IGOR FERNÁNDEZ
PSICOLOGÍA

Mézclate conmigo

Nuestra realidad social está repleta de códigos que dan forma a las relaciones y los comportamientos, algunos explícitos y declarados. Conocemos que existen leyes que rigen la convivencia, las normas de circulación, los contratos o las transacciones de tipo «yo te doy, tú me das». Sin embargo, ni mucho menos todas las normas que usamos están escritas, ni se expresan en forma de lenguaje. Las hay más protocolizadas y menos, y están presentes en la vida pública y la privada. Como el baile, que tiene una serie de pasos y precisa de un acuerdo tácito entre dos o más personas; o como las relaciones sexuales, en las que hay un ritual de señales que activan conductas mutuamente vinculantes y que hacen avanzar la actividad común no sin continuos reajustes.

También existen normas de comportamiento según los roles, según las cuales se espera de alguien que se comporte de determinada manera en función de su posición en un grupo, incluso al punto de que ese rol tiene la capacidad de secuestrar al individuo durante su ejercicio. Por ejemplo, si no traspasamos la barrera del rol, no esperamos que un futbolista pueda escribir un libro, o que un político pueda hacer ganchillo. Cuando colocamos a alguien, y esta persona se coloca, en un rol que “creemos” conocer bien, se quiera o no se establece un pacto no hablado para que nadie se salga de su sitio: ni quién actúa el rol, ni quién lo observa. Y estas dos circunstancias, la alienación del rol y del individuo y la “creencia” de que todos sabemos lo que implica dicho rol, hacen que los malentendidos proliferen, curse esto con decepción o sin ella.

Si a esto sumamos que no es fácil descifrar las claves no verbales que siguen rigiendo nuestra percepción de la otra persona, y que incluso antes de eso muchas veces no sabemos ni lo que estamos sintiendo ni lo que necesitamos de los demás, parece que nos entendemos de casualidad y que la comunicación auténtica entre personas es una fuente constante de frustraciones. Pedimos entonces un manual –a veces, literalmente– como el de las normas de circulación que mencionábamos más arriba, aunque si lo tuviéramos para cada persona no estaríamos dispuestos a leerlos todos. Queremos que no nos molesten pero nos entiendan, no tener que preguntar pero saber, que no haya conflictos y que las emociones no nos perturben en nuestras decisiones.

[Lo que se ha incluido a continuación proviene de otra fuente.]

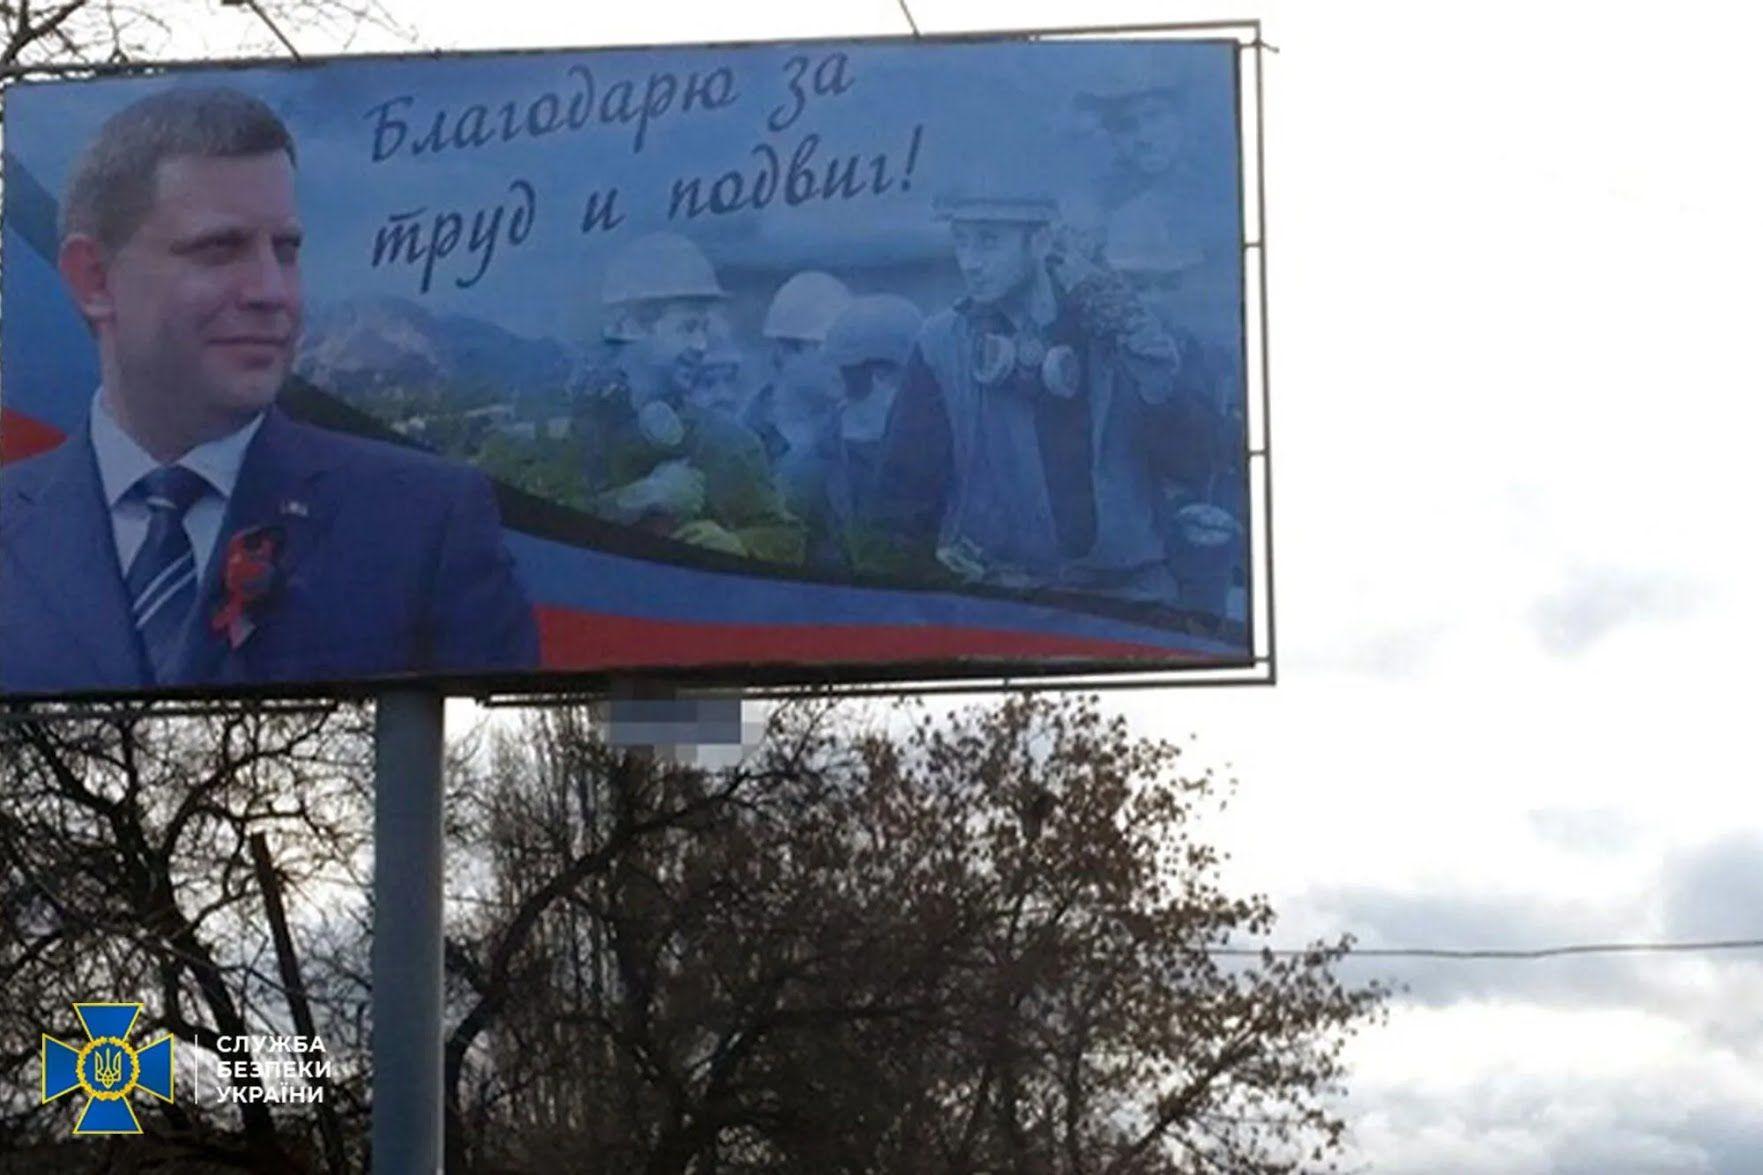 В материалах были явные призывы к расколу и федерализации Украины

Sin embargo, la asepsia no llega ni para atrás, y cuando llega, es cuestión de tiempo que resbale al otro lado en forma de rigidez, de frialdad o, como resultado, de soledad. Y todo ello por evitar en un principio “contaminarse”, como decía la canción; o por no saber cómo hacerlo sin perder mis guías. De hecho, esta es una de las razones principales por las que preferimos mantener esa distancia entre el rol y la persona: nos es más cómodo, menos desafiante.

Si me abro al otro, aunque sea para preguntarle sobre su realidad, algo suyo me impregna, me toca, incluso aunque no responda. Es inevitable en cualquier relación y cuanto antes lo aprendamos, mejor. Y eso que me toca por lo general me implica de algún modo y me obliga a moverme de lugar interna o/y externamente, aunque esto no significa que necesariamente esté obligado a cambiar la realidad del otro por el hecho de conocerla.

De hecho, muy pocas veces el otro necesita que le ofrezcamos la piedra filosofal, por mucho que se queje. Pensemos en nosotros, en nosotras. ¿Necesito yo que la persona con la que comparto una dificultad o a la que pido respeto me diga lo que tengo que hacer? Probablemente no, o no habitualmente. Necesito que no me encasille, que me deje ser yo, que esté dispuesta a impregnarse, pero que luego me devuelva la responsabilidad, que en el fondo, siempre ha sido mía. Si perdemos el miedo a la invasión del otro, si dejamos de responsabilizarnos soberbiamente de la emoción del otro, quizá la comunicación sea menos frustrante.